Does Invisalign Work?
When most people hear what Invisalign promises, they are somethings slow to believe that it can actually deliver. Straighter teeth without pain or any metal bracket or wires?
Because Invisalign is relatively new, most people grew up either wearing those metal braces or seeing their friend wear the metal braces. Because of how much time and effort is put into the entire braces process, it can be difficult to believe that a few plastic trays can straighten teeth just as effectively. When it comes to answering the question, “Does Invisalign work?” there are a few factors that have to be taken into consideration.
Does Invisalign Work?
One of the most common stipulations about Invisalign is that the aligners only work for very minor issues. The truth is, however, that Invisalign can correct most of the minor, moderate, and even some of the severe issues that a set of metal braces can correct. Most of the more severe orthodontic problems aren’t actually solved by the braces themselves, but by other applications like spacers, expanders, or the dreaded headgear. Crowding, gaps, and even turned teeth can be corrected with Invisalign, often just as well as these issues can be corrected with brackets and wire.
There are now far more issues that can be addressed with Invisalign than when the aligners were first introduced. In the beginning, the aligners really were only able to treat a few problems, while most serious problems required more traditional treatments. Now, with attachments, movements, buttons, and even elastics, all of which can be applied to the aligner, orthodontists have many more options.
How Does Invisalign Work?
Unlike with traditional braces that use a wire to push or pull teeth into the most optimal alignment, Invisalign uses a series of plastic aligners to push the teeth into a better alignment. Another stipulation many orthodontists make while advising their patients about the difference between Invisalign and a more traditional treatment is that Invisalign usually takes longer than metal braces. Why? Because plastic just isn’t as strong as metal and the aligner system naturally progresses at a slower rate than metal braces.
This does actually have a number of positive benefits, however, including the fact that patients who choose Invisalign experience less discomfort than patients that choose braces. If the teeth are being pushed and pulled less, they will be less sore.
The aligners system itself provides a number of benefits, including the ability to take them out to brush teeth, eat, and to clean the trays themselves. They are also virtually invisible (hence the name), which can eliminate the self-consciousness a person wearing metal braces might feel about smiling or speaking. This is especially true of Invisalign teen systems, as teenagers often struggle with the hassle of wearing braces. Removing your braces just isn’t possible with traditional treatments, and the braces themselves can make it more difficult for the wearer to clean his teeth. Of course, using the right technique and even the special brushes provided to you by your dentist, can make keeping your teeth clean while wearing braces fairly easy.
Why Would Invisalign Fail?
One of the major downfalls of Invisalign is that it requires a very high level of patient compliance. Because a patient can take the trays out whenever they want, some patients forget to wear them or choose not to wear them for hours every day. Invisalign is most effective when it is worn for more than twenty-three hours every day. Patients that wear their aligners for twenty-two or fewer hours every day will not only see slower results, they may see no results at all. Enough time out of the trays during the day can undo any of the moving or shifting that the teeth have done while the aligners are worn.
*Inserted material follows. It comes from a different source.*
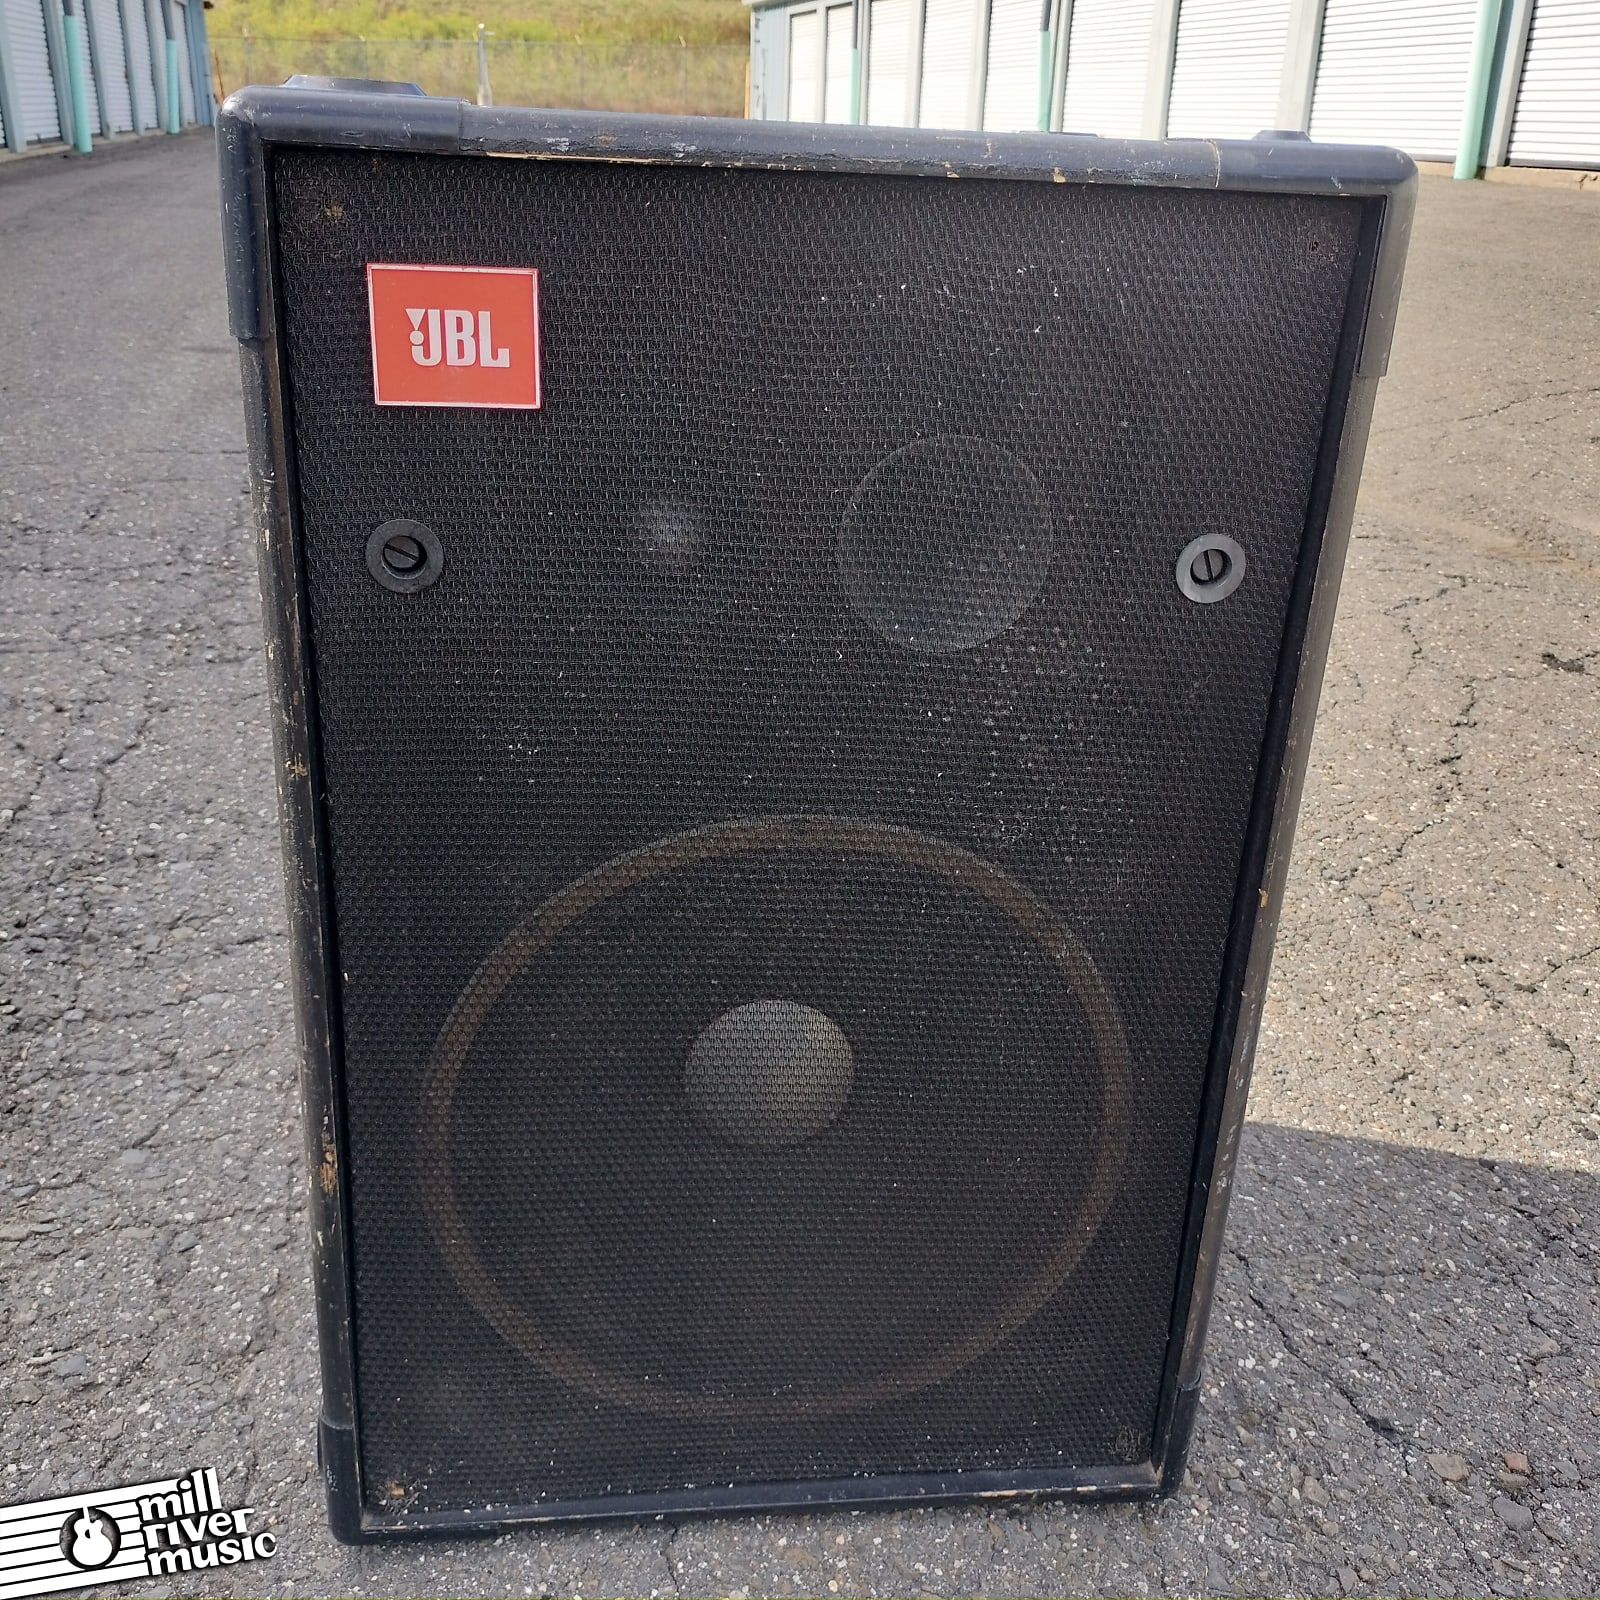 JBL Professional Series Model 4690 PA Speaker Used

Even people who have graduated from metal braces to plastic retainers will tell you that sometimes their retainers feel tight and uncomfortable when they put them on at the end of the day. That is because in less than twenty-four hours, the teeth have begun to shift back to their former positions, even years after the metal braces have been removed and the patient has been faithful about wearing his retainer.
If a person does not wear the Invisalign aligners for the vast majority of their day, they will begin to see slower and slower, and then no results at all. Aligners should only be taken out to eat and to brush and floss the teeth. Patients who have a hard time complying with this rule might be better off choosing metal braces, which cannot be taken out—though those patients usually do also have trouble complying with dietary restrictions and a cleaning routine. A better plan of action is to become the sort of patient who does comply with the rules given to you by your orthodontist.
Invisalign vs. Metal Braces: Which Works Better?
If your orthodontist believes that either Invisalign or metal braces will solve your alignment issues, picking a system will probably come down to how willing you are to comply with the rules of Invisalign. The treatments are close in price, and while braces may solve some problems faster than Invisalign will, the promise of less discomfort and the ability to remove the trays for cleaning and eating is very attractive to most patients and usually makes up for any slight discrepancies there may be in price.